Le ciment des choses

Une recension de Henri de Monvallier, publié le

01_Du ciment

Empruntant l’image du « ciment » à Émile Meyerson (1859-1933) qui se demandait, à propos de la cause et de l’effet, s’il y avait « un lien, un ciment qui les rattache l’un à l’autre », Claudine Tiercelin se propose d’établir une métaphysique scientifique réaliste.

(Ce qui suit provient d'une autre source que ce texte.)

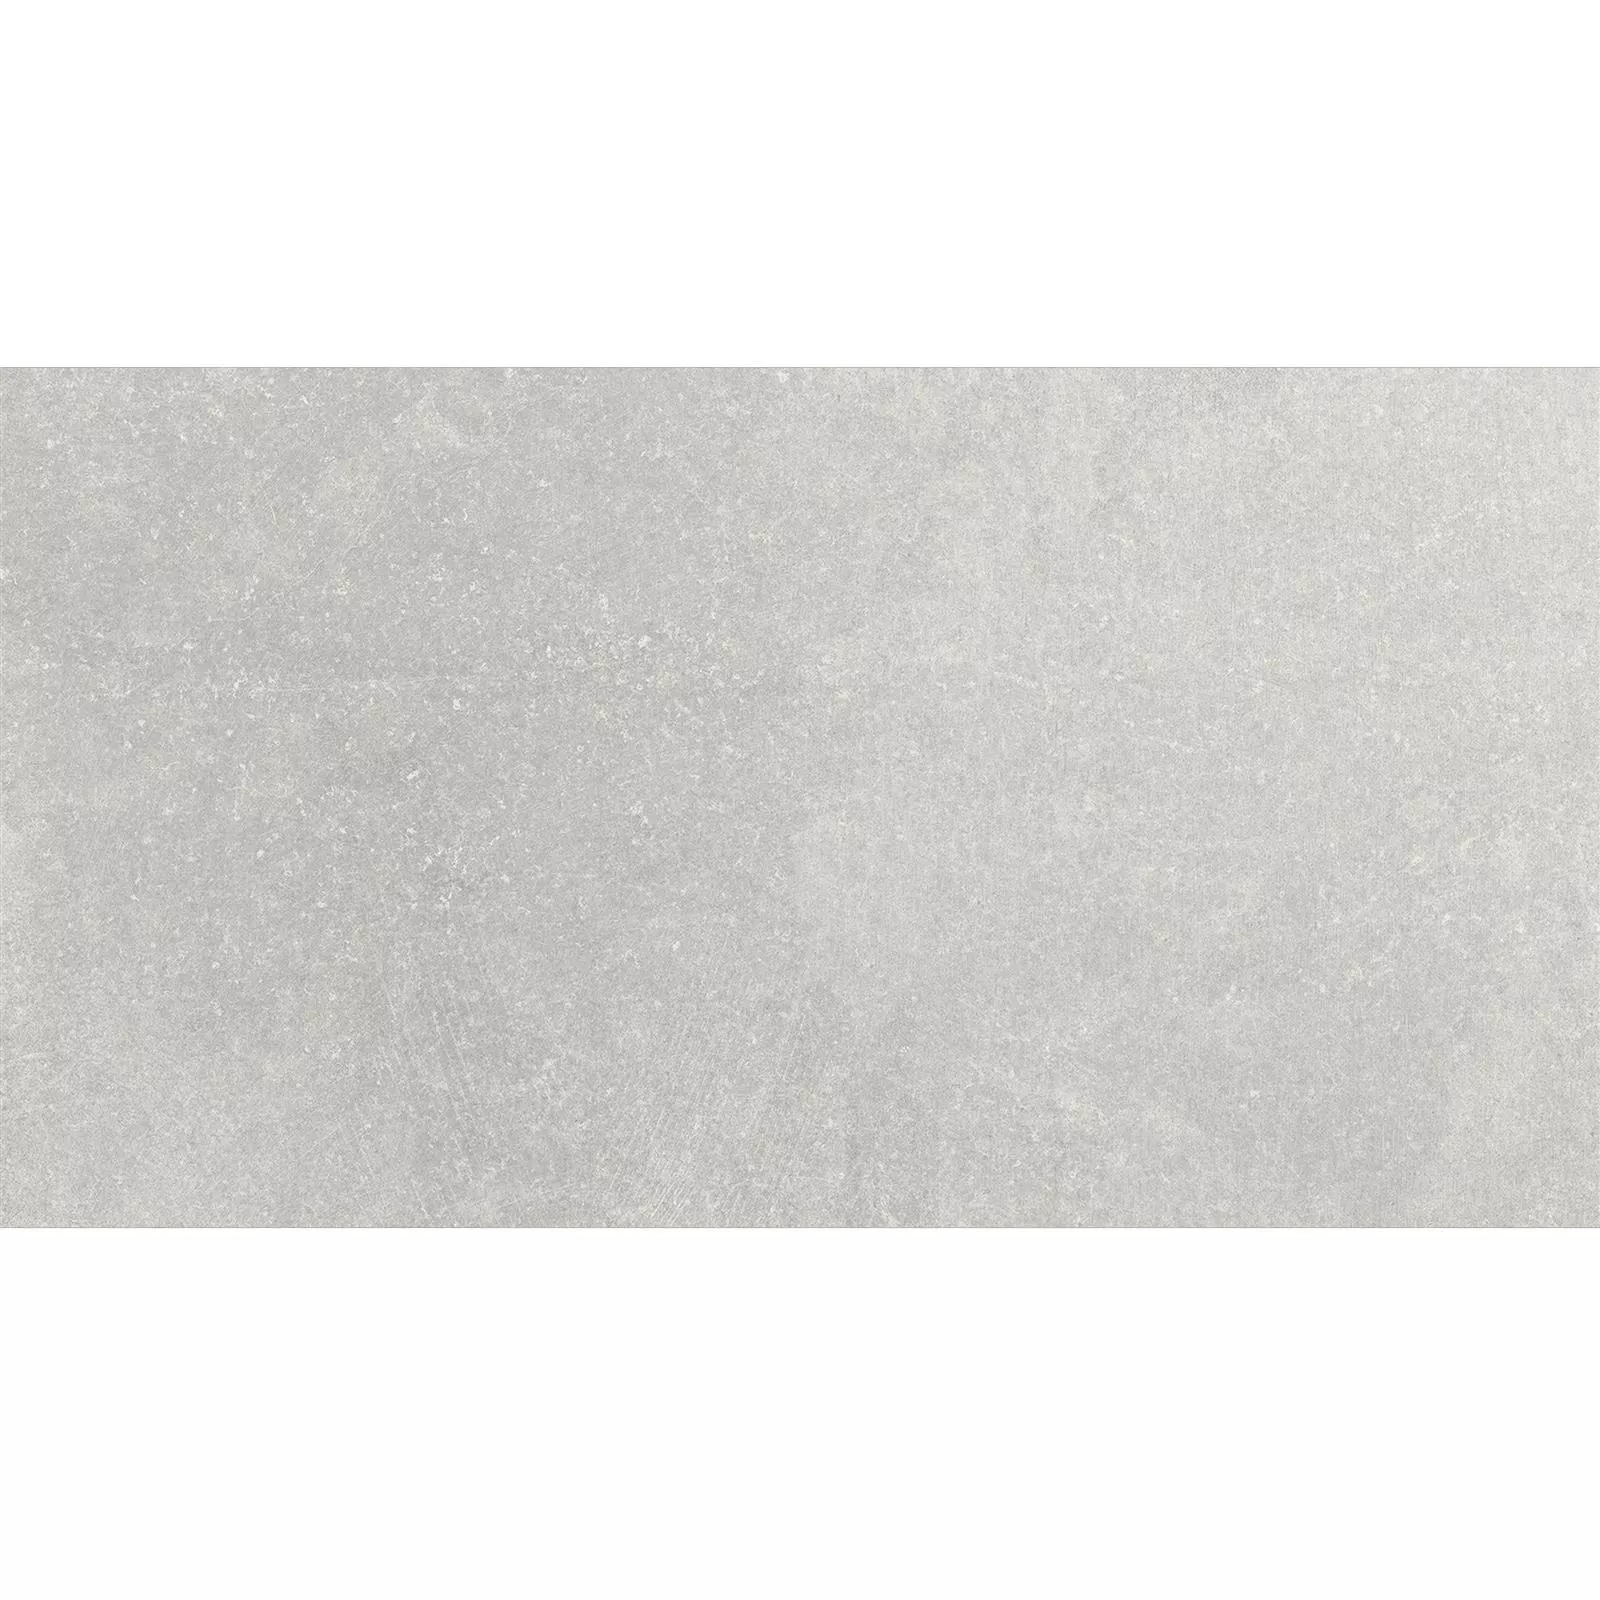 Muster Bodenfliesen Steinoptik Horizon Grau 30x60cm
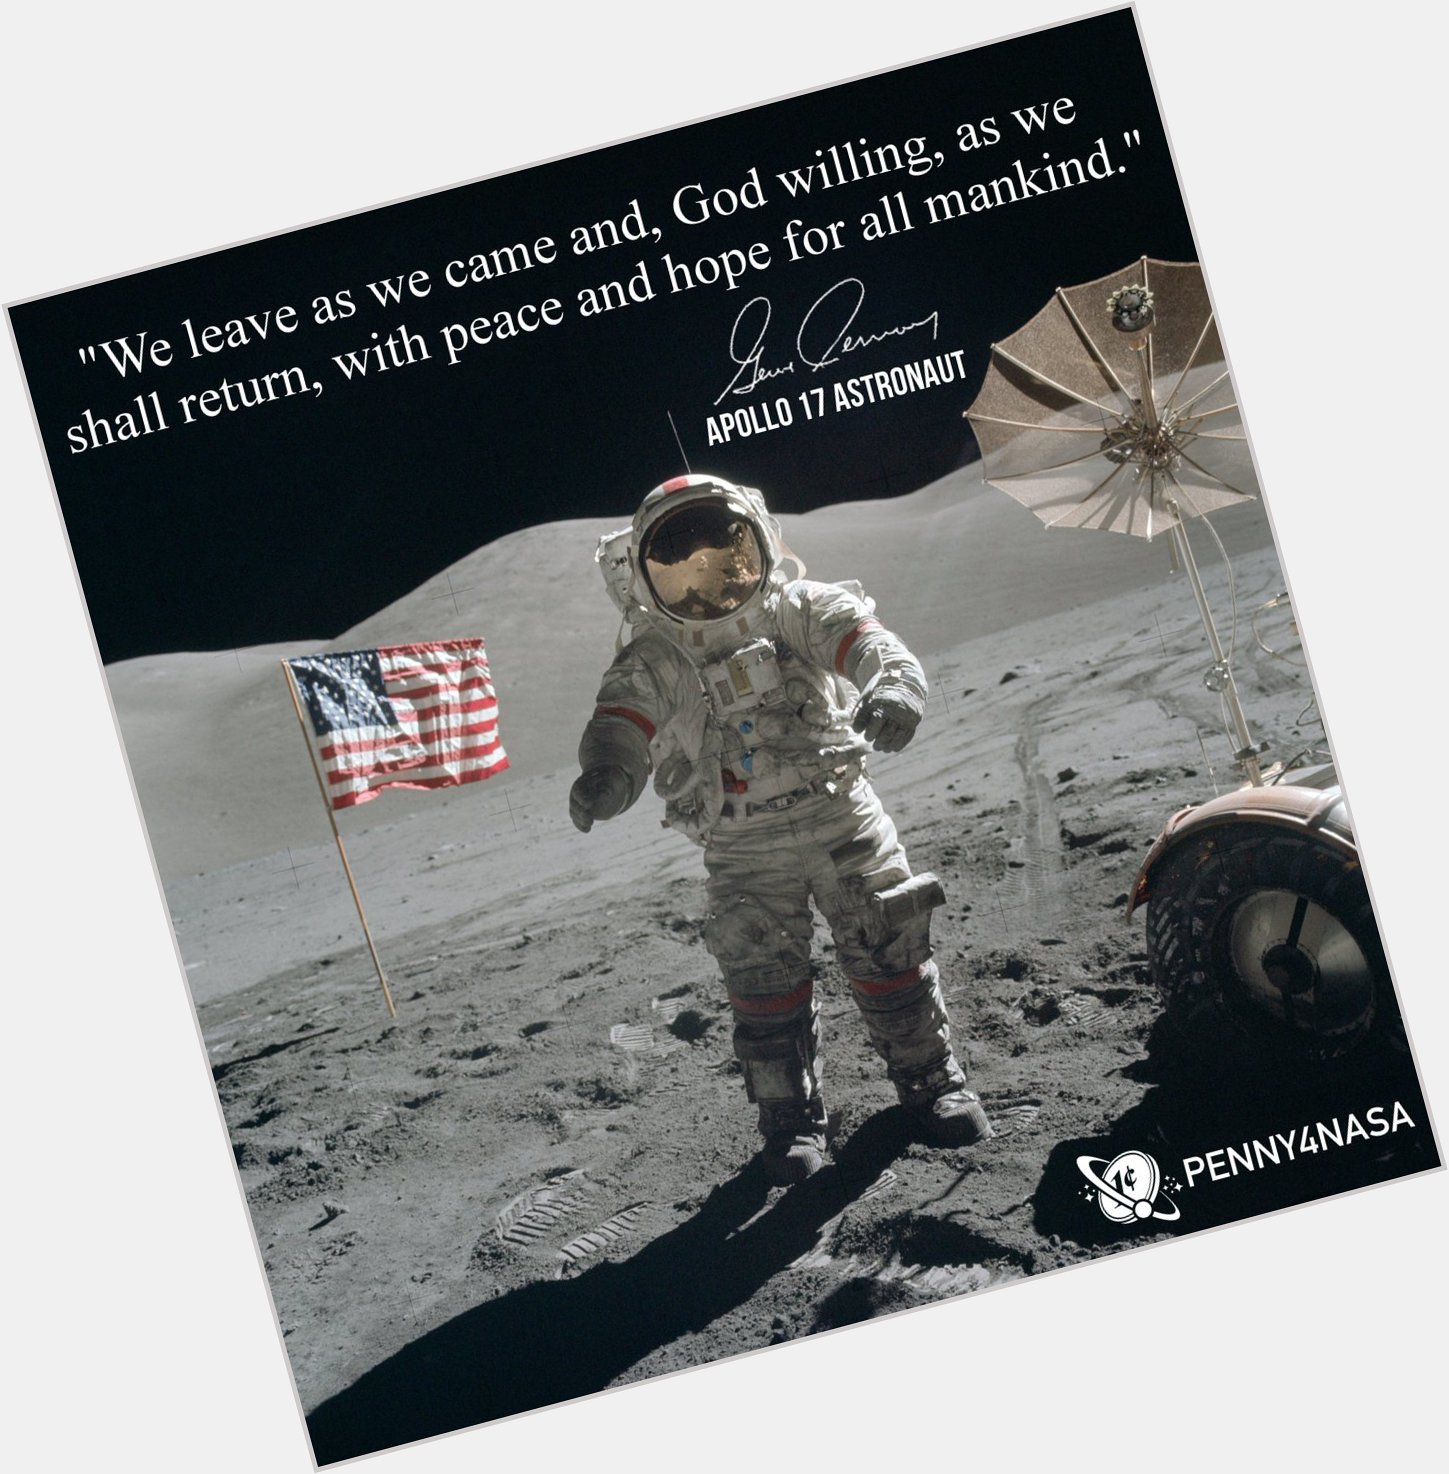 Happy birthday to the last man to walk on the moon, Eugene Cernan!

De cette métaphore, découle une question : qu’y a-t-il de réellement solide dans notre connaissance du réel ? L’enjeu est bel et bien que le mur ne se fissure pas : il s’agit de répondre aux objections sceptiques, relativistes et de proposer une nouvelle manière de faire de la métaphysique à la lumière de la tradition analytique, dans laquelle s’inscrit l’auteur.

 

02_Une métaphysique scientifique

Claudine Tiercelin est la première philosophe du Collège de France, comme elle l’a rappelé, en mai dernier, lors de sa Leçon inaugurale, à avoir inscrit le terme de « métaphysique » dans l’intitulé de sa chaire, « Métaphysique de la connaissance ». Mais de quelle métaphysique s’agit-il ? Après les grandes déconstructions dont elle a fait l’objet depuis la fin du XIXe siècle, quel peut être le sens de cette activité ? L’auteur entend pratiquer la métaphysique non pas comme une pensée des fins dernières de l’homme ou du monde, mais comme la délimitation la plus rigoureuse possible du cadre conceptuel de la connaissance scientifique. « Tenir compte de la science ne signifie pas s’en laisser conter par elle, encore moins se laisser hypnotiser, comme l’a souvent rappelé Meyerson, par la dernière théorie en vogue, au seul motif qu’elle est la dernière », précise la philosophe.

 

03_La question du réalisme

Cette métaphysique scientifique se veut aussi « réaliste », c’est-à-dire qu’elle revendique l’idée qu’il y a bien un « réel » ou une « réalité » indépendants de l’esprit, que celui-ci ne produit pas (idéalisme, le réel est ma représentation), ne construit pas (constructivisme, le réel n’est qu’une construction) et auxquels il peut avoir accès dans une démarche de connaissance. Pourquoi être réaliste aujourd’hui ? « Si nous sommes incapables de faire la différence entre l’apparent, l’illusoire, l’idée ou le possible, le principe de réalité aura tôt fait de nous rattraper. Il nous faut être gouverné par la réalité pratiquement sous peine de ne plus pouvoir distinguer les questions auxquelles on ne peut pas répondre de celles auxquelles on le peut. » Un livre dense, technique et ambitieux qui fera date dans l’histoire de la philosophie française de tradition analytique.